Uncle Shau-Yen was very proud of Iris. After the conference, he gave her a ride to the Princeton train station where Iris would go on to New York, her next stop. On the train station platform, Iris interviewed Shau-Yen about his experiences when he escaped from Communist China in 1949. Shau-Yen later told us he was quite impressed by the hard-working style of his niece. He said that Iris had taken out a reporter’s pad and a pen from her bag and, right there on the bench of the Princeton train station, began to record the adventures of her uncle and her grandpa in 1949! Because she wanted to finish the interview, she decided to skip the train she was supposed to get on and take the next one.
Iris spent Thanksgiving in New York City with her friends—one of a few times that she was not with her family on the holidays. She called from New York on Thanksgiving Day, and we talked for a long time. She was so excited
about the fact that Newsweek finally had published her book excerpt. She also told us that ABC’s Good Morning America had asked her to fly to New York on December 7 for an interview.
After returning home from the East Coast, Iris had a signing in the San Francisco area. Then she had to fly back to New York for her Good Morning America interview. December 7, 1997 was the fifty-sixth anniversary of the Japanese bombing of Pearl Harbor, which is why ABC wanted to interview Iris and introduce her book on that date. Although we were told we could see her on Good Morning America on the morning of December 7, New York time, the program was mainly broadcast on the East Coast. Besides, we did not subscribe to cable TV. All we could do was to ask my sister Ling-Ling in New York City, my brother Bing in New Jersey, and my sister Ging-Ging in Maryland to watch and record it for us. When the time came and Iris was on the program talking, Bing called and put his telephone receiver near the TV screen so we could hear.

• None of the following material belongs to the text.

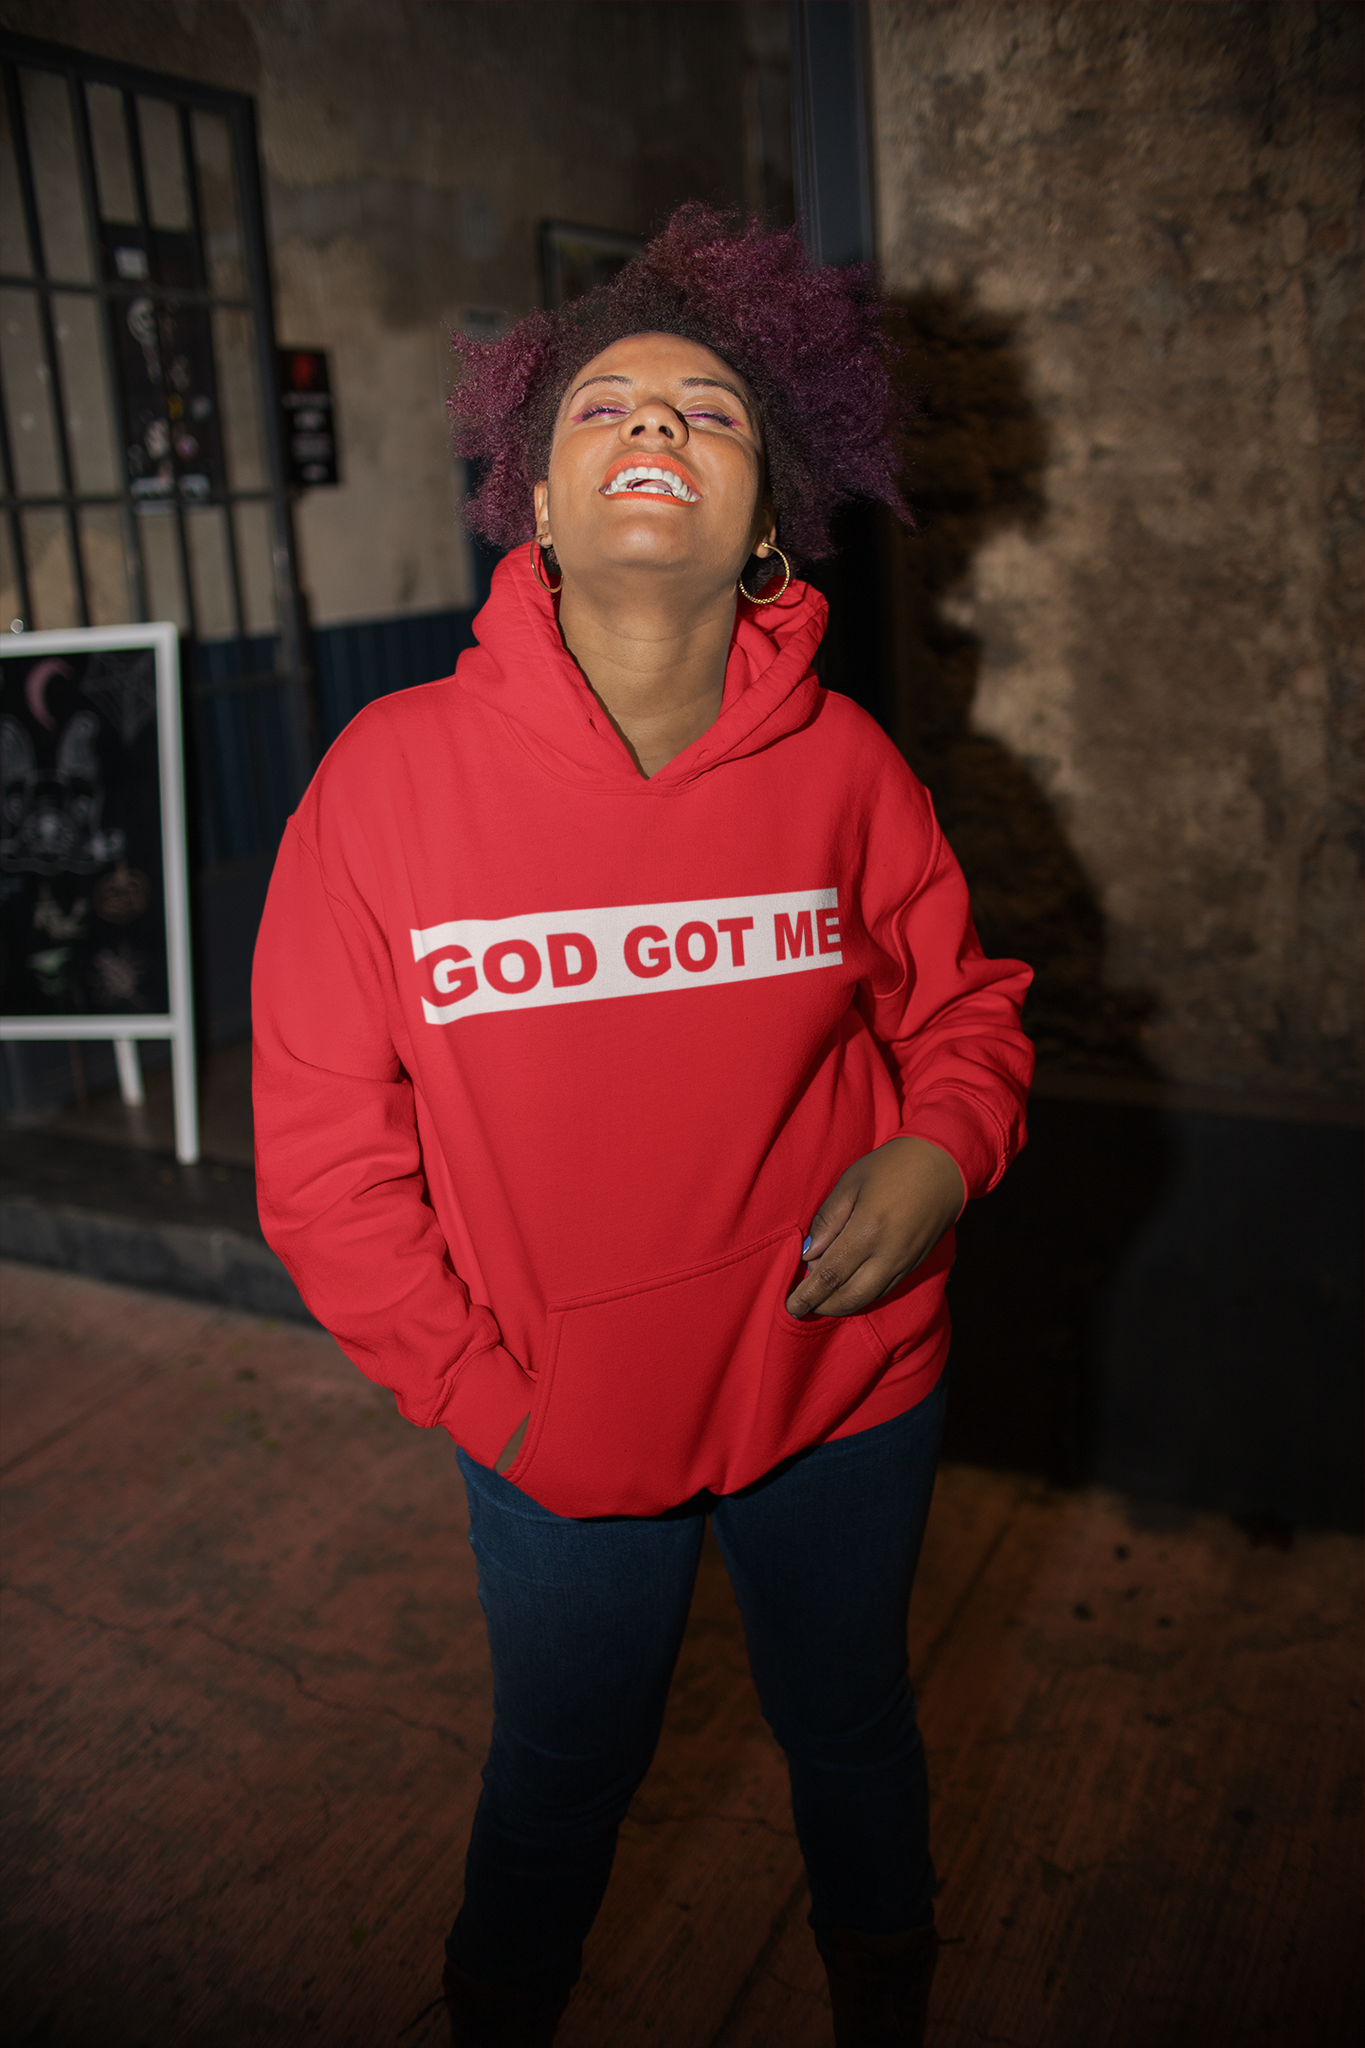 Inside Out Box Logo Hooded Sweatshirt Red

We finally got to see the ABC Good Morning America interview a week later when Bing mailed the tape to us. Iris did extremely well on the show. We were surprised to see her answering questions in a very professional way, thinking back to when she’d been a shy little girl. She looked so young and fresh, and with the help of TV studio makeup, she looked like a rising star!
Next, Iris flew to Vancouver by the invitation of BC-ALPHA (British Columbia Association for Learning and Preserving the History of WWII in Asia) president Thekla Lit, who organized many events to publicize her book. After several well-received events in Vancouver (a city with a huge Chinese-Canadian population; wherever Iris went, she was mobbed by fans), Iris flew to Toronto, where Joseph Wong, the president of the Toronto chapter of ALPHA, picked her up. Dr. Wong, whom I had never met, called me and said Iris wanted me to know that she had arrived safely. He added that he would take good care of her—he was a medical doctor and Iris should be safe with him. I was very grateful for someone who really understood a mother’s concern. Iris always kept her promise to let us know she had arrived safely in a new place.